Gleichstellung seit 2016 gesetzlich verankert
ANDREAS TRÖSCHER WIEN. Es war als Pilotprojekt gedacht, als die Post ihre neuen Briefkästen aufstellte. Sie beinhalteten ein Depot unterhalb des Kastens. Damit die Briefträger auf ihren Runden nicht alles mitschleppen müssen. Gute Idee, im Grunde. Was die Post nicht bedacht hatte: Dadurch befand sich der Briefschlitz plötzlich auf 1,48 Metern Höhe – für viele Rollstuhlfahrer unmöglich zu erreichen. Das Behindertenberatungszentrum Bizeps wandte sich an den Klagsverband und der wiederum an die Post.
Was folgte, war ein Schlichtungsgespräch: Die Post versprach daraufhin, den Missstand umgehend zu beseitigen. Offenbar ein Tropfen auf den heißen Stein. Denn die Hürden für behinderte Menschen treten in der Großstadt nach wie vor zahlreich zutage. „Liftknöpfe, Gegensprechanlagen oder Auslöseknöpfe bei Fußgängerampeln“, zählt Bizeps-Obmann Martin Ladstätter auf. „Bei Bankomaten gibt es schon niedrige, dennoch sind sie überwiegend zu hoch“, ergänzt Elisabeth Schrenk vom Kriegsopferund Behindertenverband KOBV.

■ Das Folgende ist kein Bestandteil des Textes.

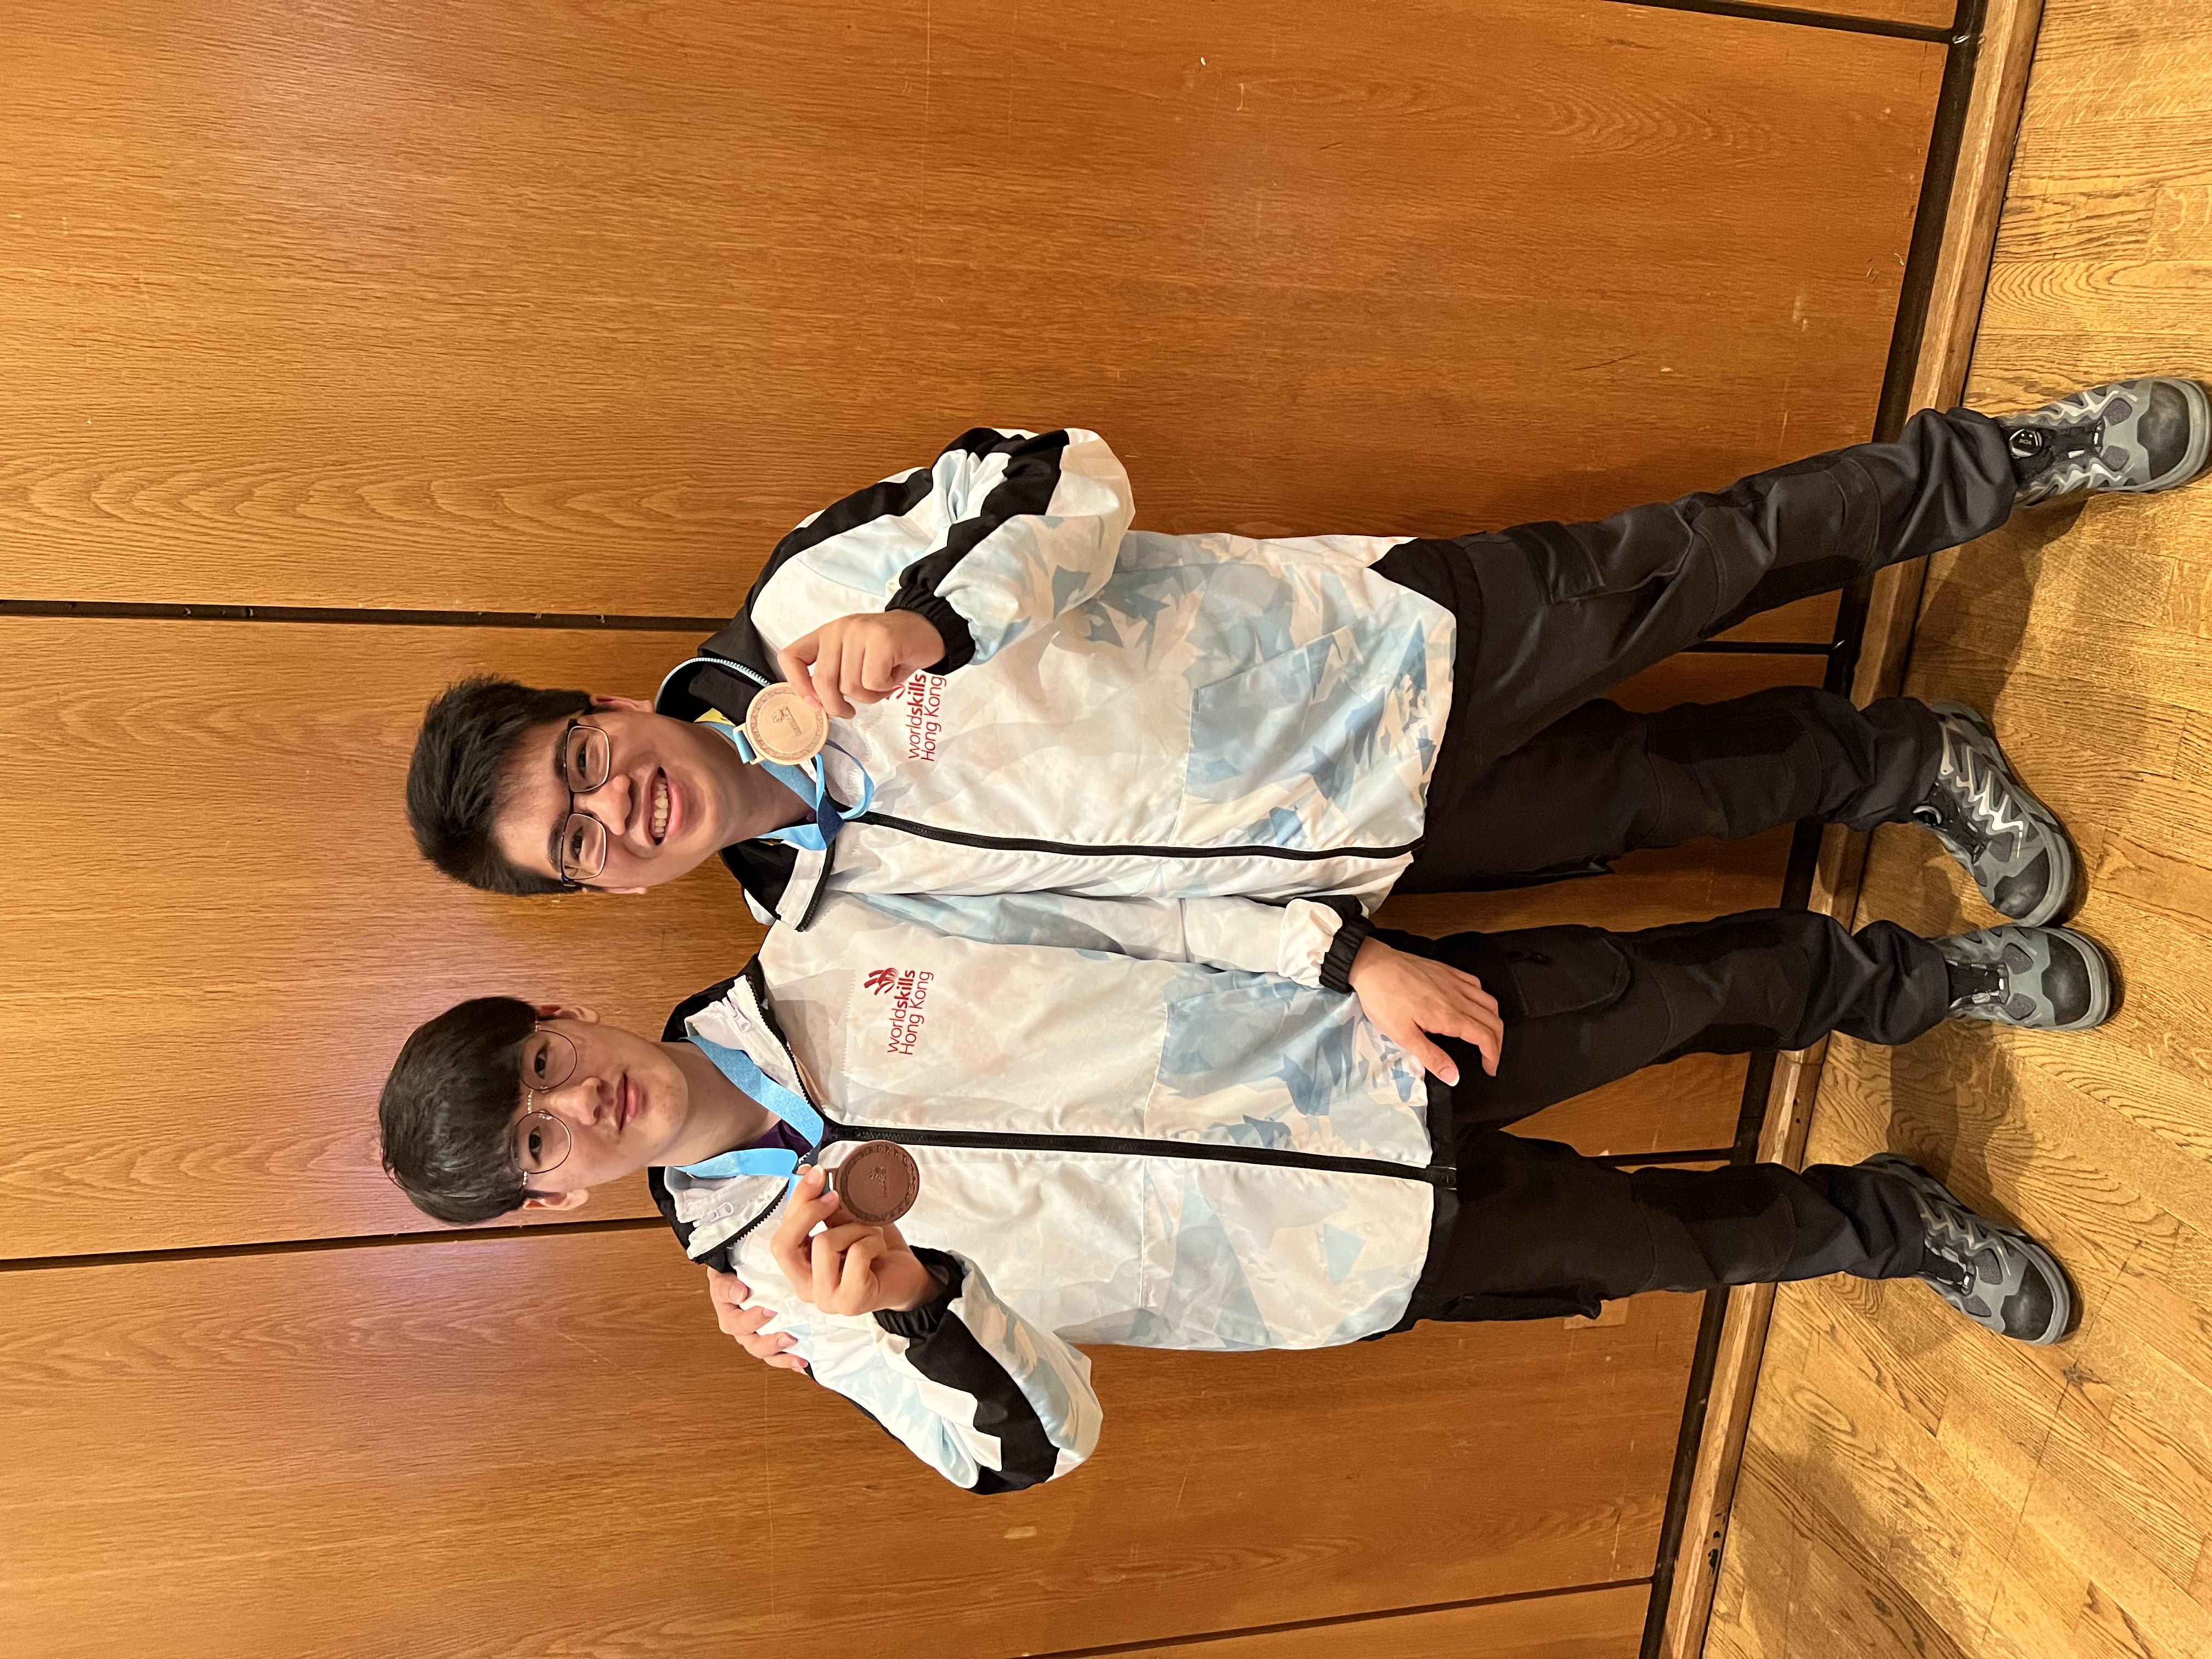 IVE機械工程學高級文憑畢業生廖俊鵬（左）及雷成發（右）先拔頭籌，在德國舉行的「2022年世界技能大賽特別賽」機電一體化項目獲得優異獎章

Eigentlich müssten alle Geschäfte, Restaurants, Anwaltspraxen, Hotels oder Haltestellen für Menschen mit gesundheitlich bedingten Einschränkungen zugänglich und nutzbar sein. Das dabei anwendbare Behindertengleichstellungsgesetz trat 2016 in Kraft.
Die Realität sieht anders aus: Im Vorjahr offenbarte die „Einkaufsstraßenstudie“massive Versäumnisse. Mehr als 60 Prozent der Eingänge von rund 1800 Geschäften in den Wiener Einkaufsstraßen erfüllten nicht die gesetzlichen Vorgaben in puncto barrierefreier Zugänglichkeit. Nur 38 Prozent der Betriebe boten ihren Kunden einen adäquaten Zugang an. Noch am besten schnitt dabei die Kärntner Straße ab, in der laut der Studie 58 Prozent aller Geschäfte barrierefrei zu betreten waren.
Daran habe sich in einem Jahr nichts geändert. „Das Rampenproblem ist nach wie vor riesig“, konstatierte ein Sprecher des Österreichischen Behindertenrates.
Es sind oft nur Kleinigkeiten, die durch Adaption behindertengerecht gemacht werden könnten. „Ein Beispiel sind die Anzeigen bei Zügen auf Bahnhöfen. Die Informationen werden anfangs nur angezeigt, die Durchsagen erfolgen oft zu spät“, kritisiert Markus Wolf, Präsident des österreichischen Blinden- und Sehbehindertenverbandes.
Das Bemühen sei bei den meisten Institutionen vorhanden. Die Post etwa hat sich nach der Sache mit den Briefkästen verpflichtet, künftig den Verein Bizeps in die Planungen miteinzubeziehen.